Souvent, le résultat est une combinaison d’aliments variés qui ne vont pas nécessairement ensemble. Un bol de maïs soufflé avec des gaufres surgelées ? Une conserve de thon avec des craquelins et du fromage en grains ? Vous avez un girl dinner !

« C’est un repas qui demande peu d’énergie et qui se compose de tout ce qu’une personne a envie de manger », résume Olivia Maher en entrevue avec La Presse. Sa vidéo est née d’une expérience tout à fait banale. « Mon copain était parti pour la soirée.
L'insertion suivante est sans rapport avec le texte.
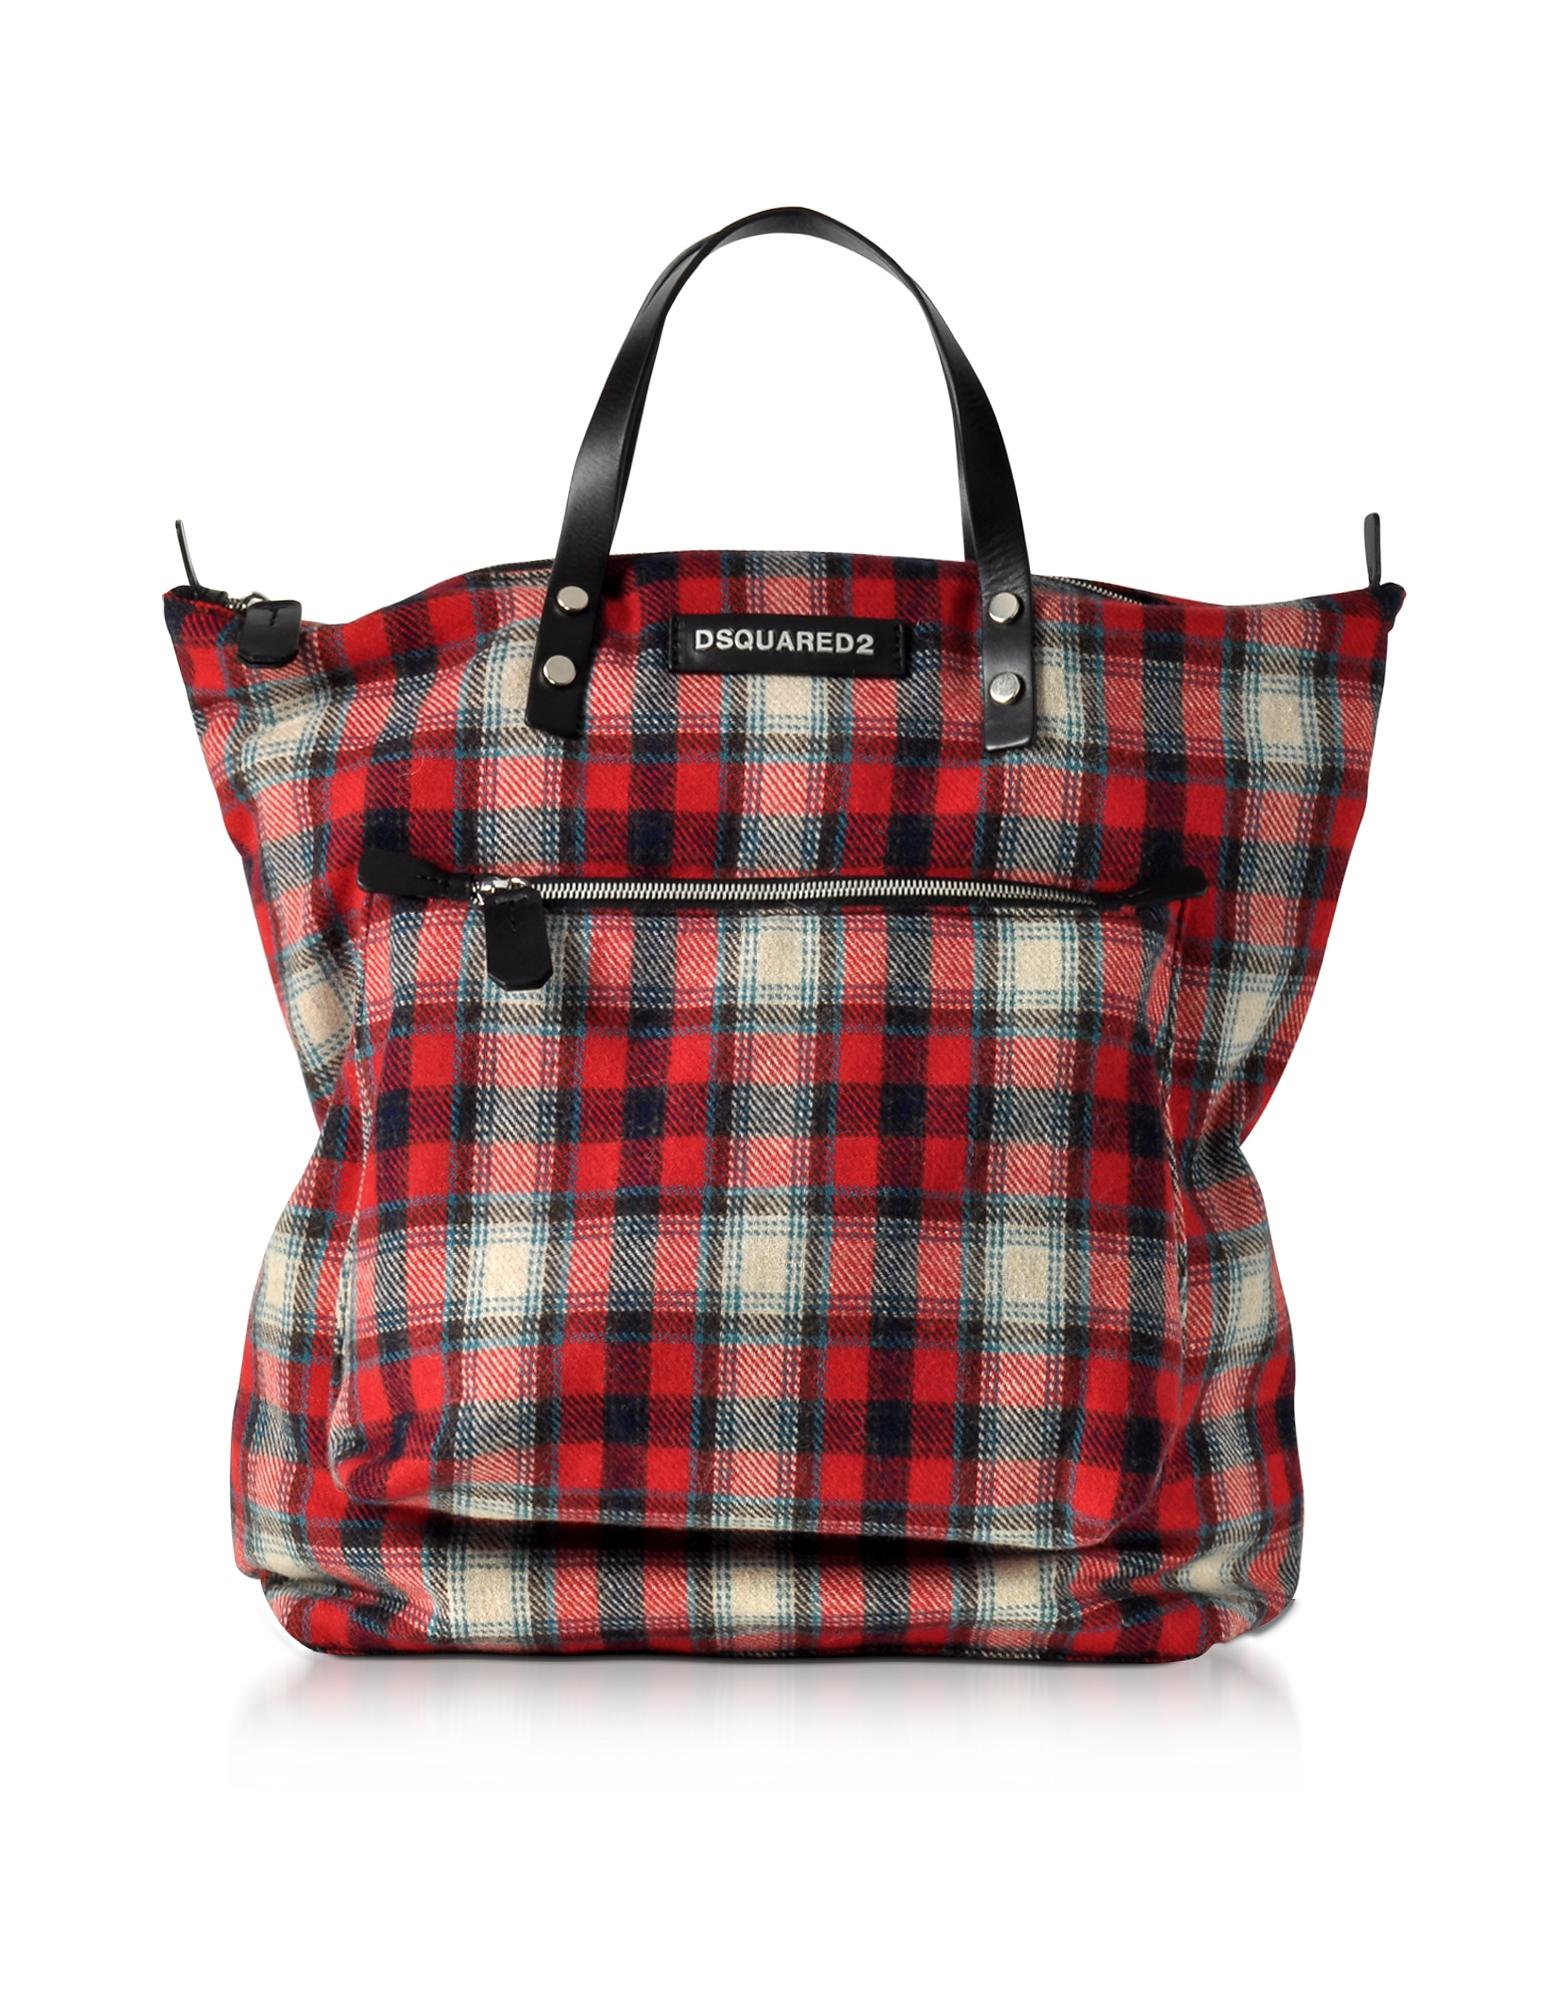 DSquared2 Men's Bags, Red Wool Blend Check Hiro Men's Tote Bag

Je mangeais directement sur le comptoir de la cuisine et je me disais que je ne devais pas être la seule à faire ça ! », raconte la créatrice de contenu de 28 ans.

D’accord, c’est manger des restants, quoi… 

Certes. La tendance n’invente pas le fait de manger ce qui traîne dans le réfrigérateur parce qu’on a la flemme de cuisiner. Mais justement. Pourquoi des jeunes femmes le revendiquent-elles soudainement ? « Les gens, et les femmes en particulier, se sont fait dire toute leur vie ce qu’il fallait manger et surtout ce qu’il ne fallait pas manger », observe Olivia Maher. En ligne, elles se font constamment rappeler qu’elles doivent manger équilibré, éviter les aliments transformés, cuisiner le plus possible, surveiller leur ligne… Le rythme est difficile à suivre. Et c’est ce que dénonce la tendance. Il est difficile de cuisiner tous les soirs selon les recommandations du Guide alimentaire canadien. « Il y a des femmes qui voient ça comme une façon de se réapproprier leurs envies. Ce qui est important, c’est le sentiment d’excitation de manger ce dont tu as envie, et pas nécessairement ce dont tu sens que tu as besoin », estime Béatrice Gaudet, professeure de littérature au cégep de Saint-Laurent.

C’est donc un acte politique ?

Si on le souhaite ! Pour certaines, la tendance est une critique de la répartition inégale des tâches domestiques entre les femmes et les hommes, en particulier la charge mentale liée aux repas. Au contraire, le girl dinner est un repas pour le plaisir d’une seule personne. D’ailleurs, la tendance est surtout embrassée par des jeunes femmes célibataires. « Elles ne cuisinent pas pour leur mari ou leurs enfants », fait remarquer Mme Gaudet, qui a fait sa maîtrise en études culturelles. « C’est un rejet des normes sociales liées à l’alimentation », croit pour sa part Bernard Lavallée, nutritionniste et auteur. Selon lui, la popularité du mot-clic est révélatrice.

On est dans un monde où la culpabilité liée à l’alimentation est immense. Il y a beaucoup de gens qui se sont reconnus là-dedans et ça déculpabilise beaucoup.

Bernard Lavallée, nutritionniste et auteur

Car il ne faut pas se sentir coupable de manger ce qui nous tente une fois de temps en temps. « Il n’y a aucun danger ! », s’exclame M. Lavallée.

Pourquoi est-elle critiquée ?

Comme avec n’importe quelle tendance en ligne, certains ont poussé la blague à l’extrême. Par exemple : manger uniquement des cornichons ou boire un Coke Diète pour souper. Conséquence, des nutritionnistes ont critiqué la tendance parce qu’elle encouragerait les troubles alimentaires. C’est vrai, certaines portions ressemblent parfois plus à une collation qu’à un repas. Mais Bernard Lavallée met en garde contre les conclusions hâtives. On ne sait pas ce que la personne a mangé quelques heures avant ou après qu’elle a filmé la vidéo. « Oui, je pense qu’il y a ce risque-là chez des gens qui sont vulnérables, mais je pense que c’est vrai avec n’importe quoi. Il y a toujours des extrêmes », estime-t-il. « Je peux voir où les gens veulent en venir. Mais ce n’est pas ça. C’est simplement de dire que tu n’es pas une ratée parce que tu n’as pas cuisiné ton repas », conclut Olivia Maher.